Claremont McKenna College is a nationally recognized leader in training Defense Department officials and State Department personnel (including numerous ambassadors). Professor Bassam Frangieh is head of Claremont McKenna’s Arabic Department and Middle East Studies program, where he teaches tomorrow’s diplomats about the Middle East, plans study-abroad programs — and supports recognized terrorist groups, namely, Hezbollah and Hamas.
In the wake of Hamas’s election victory in 2006, Frangieh told an interviewer that he looks to Hamas with “great joy” and supports violence against Israel. Hamas’s control, he said, “might be able to produce the beginning of salvation. . . . I wonder what else would the Arabs have without Hamas and Hezbollah? Nothing. Except humiliation. I congratulate Hamas on its victory.” Meanwhile, in his academic work, he has written in favor of suicide bombing and martyrdom. In a speech at the University of Bridgeport in 2007, he said that Islam is “very democratic,” and he praised Saddam Hussein as a model leader who “wasn’t a thief” and who “really did something for his country.”

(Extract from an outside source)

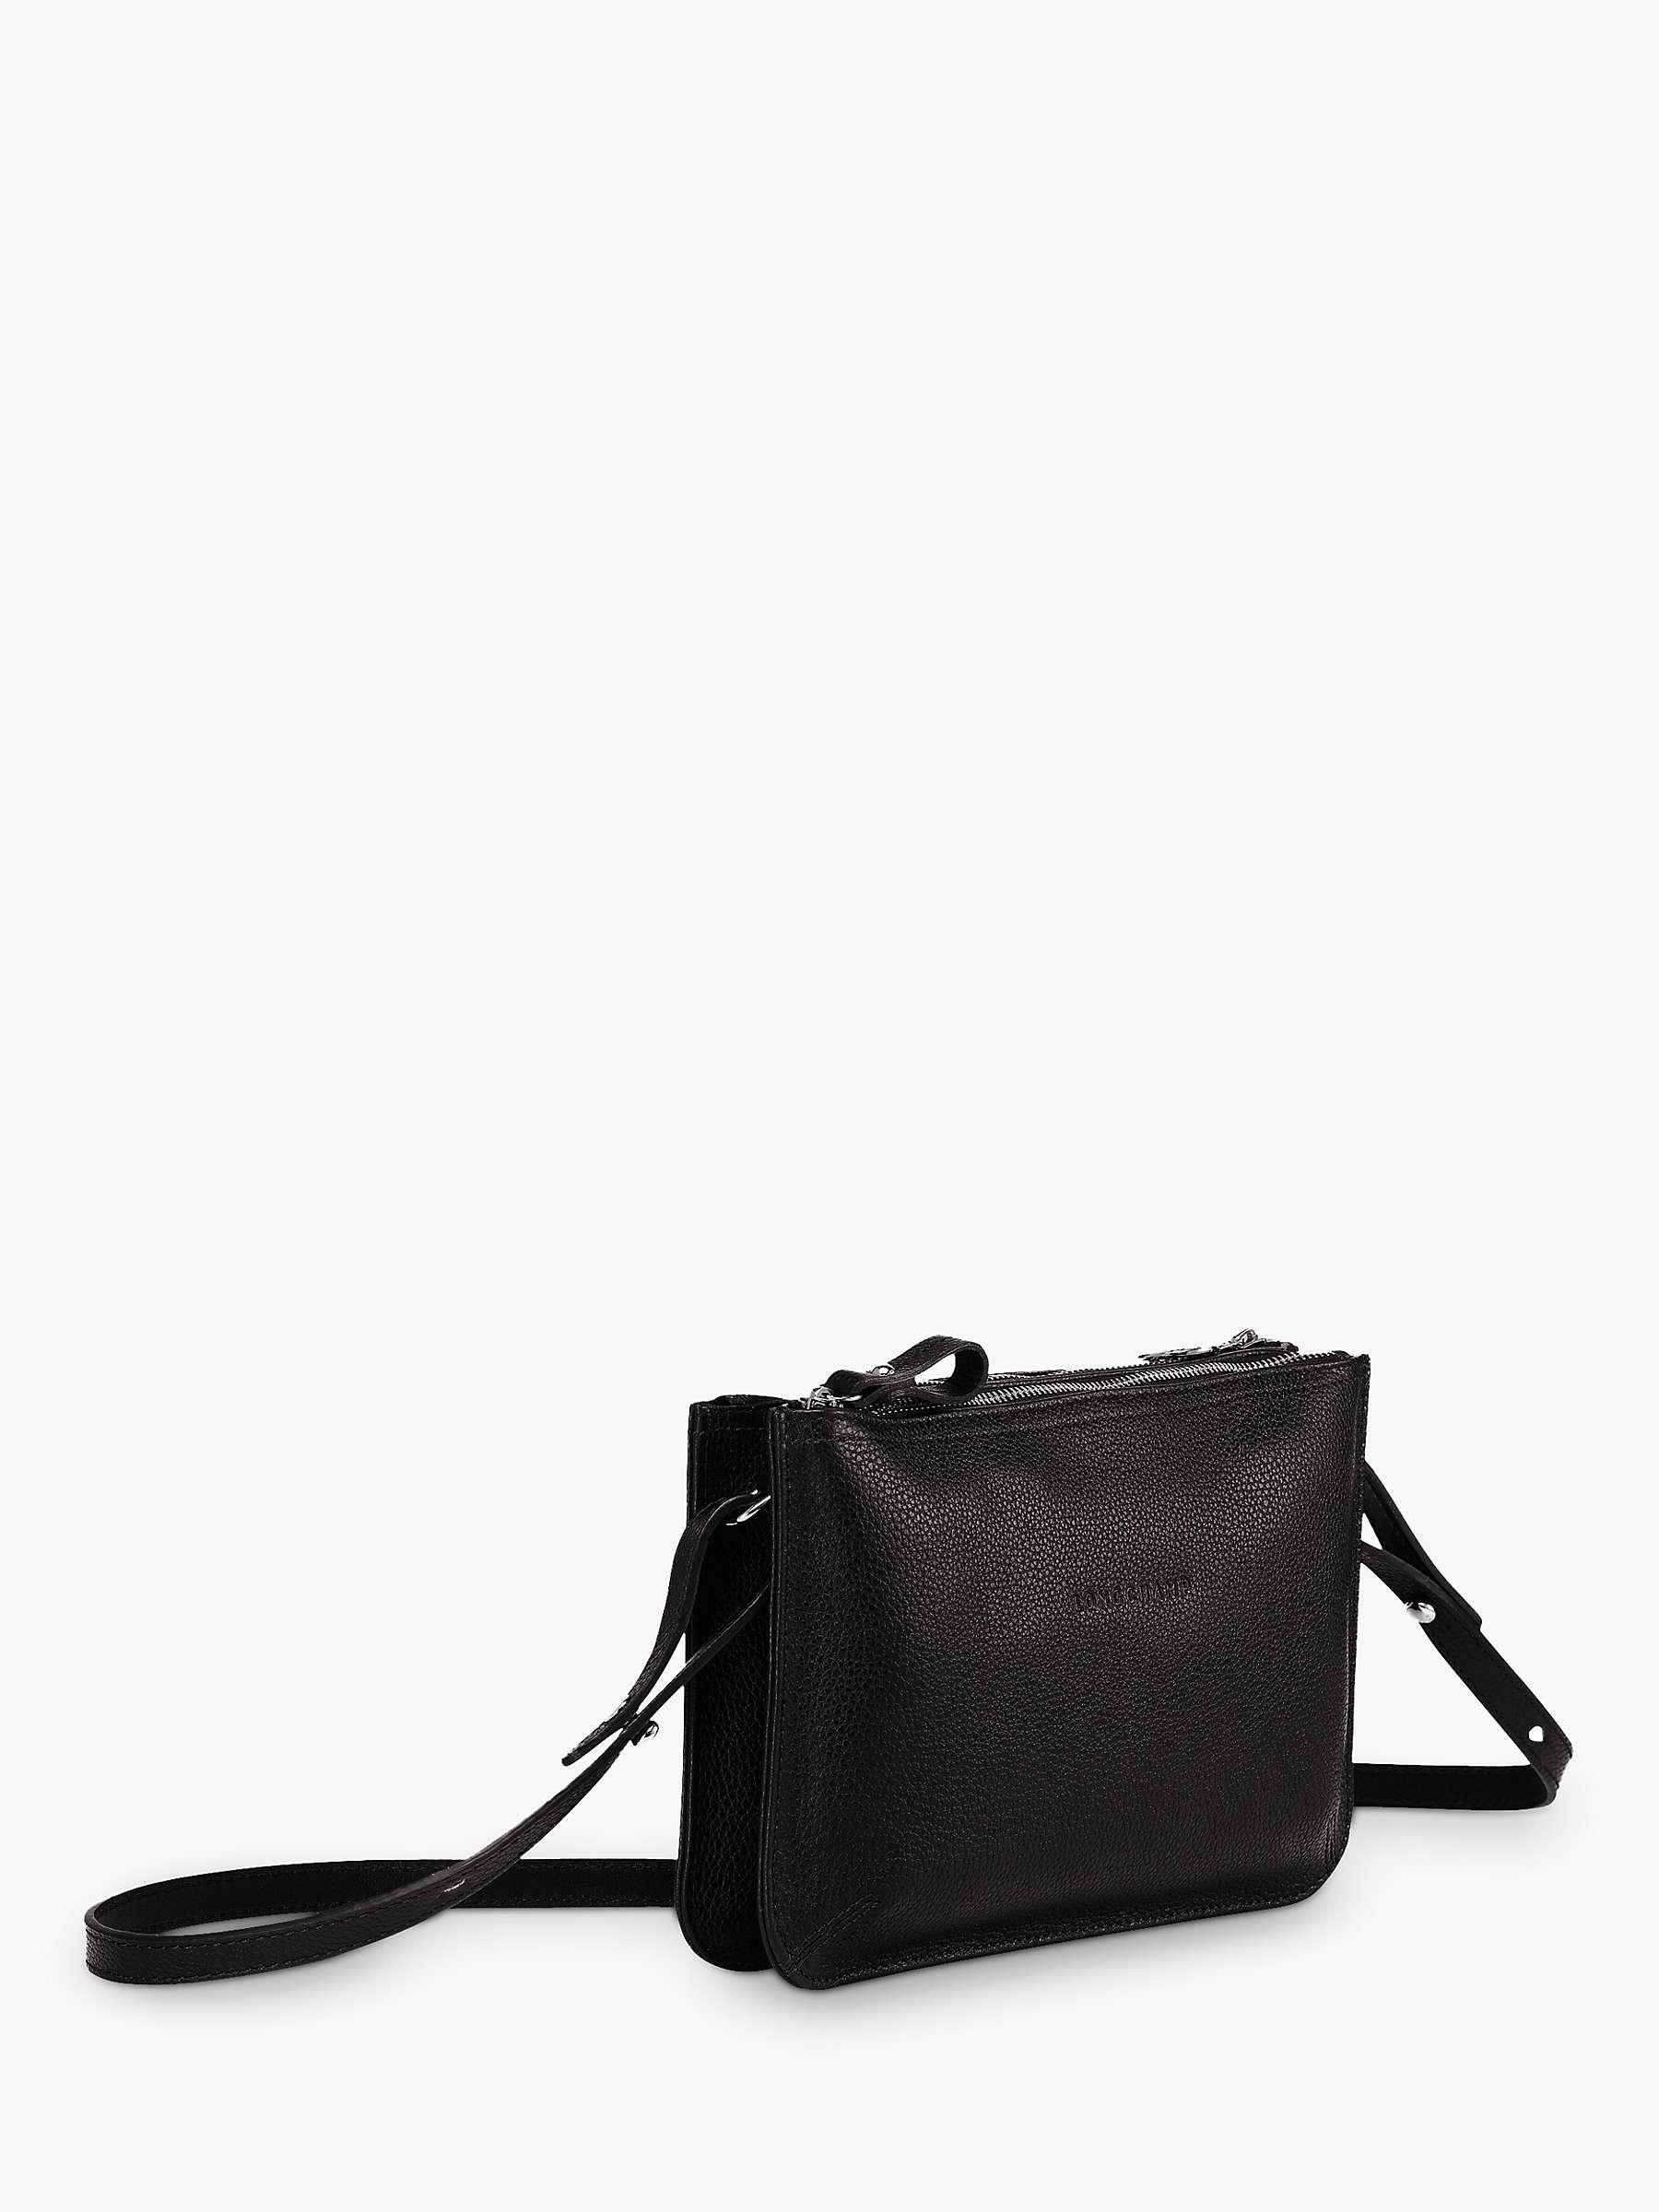 Longchamp Le Foulonné Dual Compartment Leather Cross Body Bag, Black

Frangieh has also made his views known through petitions, which, he says, “stem from the heart and are cast onto paper.” In 2006 he signed a pro-Hezbollah petition that was circulated along with a flyer encouraging its signatories to “Boycott Israel. . . . We are all Hizbullah now.” The petition, promoted by prominent anti-Israel, anti-American activists like Tariq Ali, Omar Barghouri, and Norman Finkelstein, demanded a boycott of Israel and encouraged Israeli academics to stop the “Zionist killing machine.” It called Hezbollah the “Lebanese Resistance” and a “legitimate” army, and praised its “heroic operations” against Israel. A 2007 petition blamed a “Zionist conspiracy” for then-senator Biden’s plan to divide Iraq into three separate autonomous regions. In 2009, Frangieh brought the Syrian ambassador, Imad Moustapha, to speak as an honored guest of the college; he had earlier instructed his students to warmly serenade Moustapha with singings from the Koran. (One student even asked, in all earnestness, what students could do to help Syria promote peace.) Syria, designated as a state sponsor of terrorism, has been governed for 40 years by a brutal dictatorial dynasty. Along with the Muslim Student Association (MSA), Frangieh also brought to campus Imam Zaid Shakir, who blamed the Fort Hood massacre on America’s easy access to guns. Yet another major guest was PLO member Sari Nusseinbeh, who during the first intifada helped terrorists avoid arrest and secure funding.
Frangieh’s radicalism is shared by his wife, Aleta Wenger. A former State Department official who worked on the Middle Eastern desk, Ms. Wenger is currently director of Claremont’s Center for Global Education and, as such, is the public face of the college overseas. Like her husband, she takes a conspiratorial view of Israel’s military, accusing it, without evidence, of bombing universities and hospitals. She also supports the Hamas-linked Gaza flotilla movement. In a posting on the New York Times website, she wrote,
I now have a good cause to support financially, and am very happy that my fellow Americans are interested in joining the blockade movement. Now to see if I can get on that boat. As a retired U.S. foreign service officer now unleashed, I can do and say what I want. Now let’s hear all of your readers tell me how naive I am . . . but I’m telling you, I’ve truly been there and seen it all . . . go Gaza flotilla ships go!!!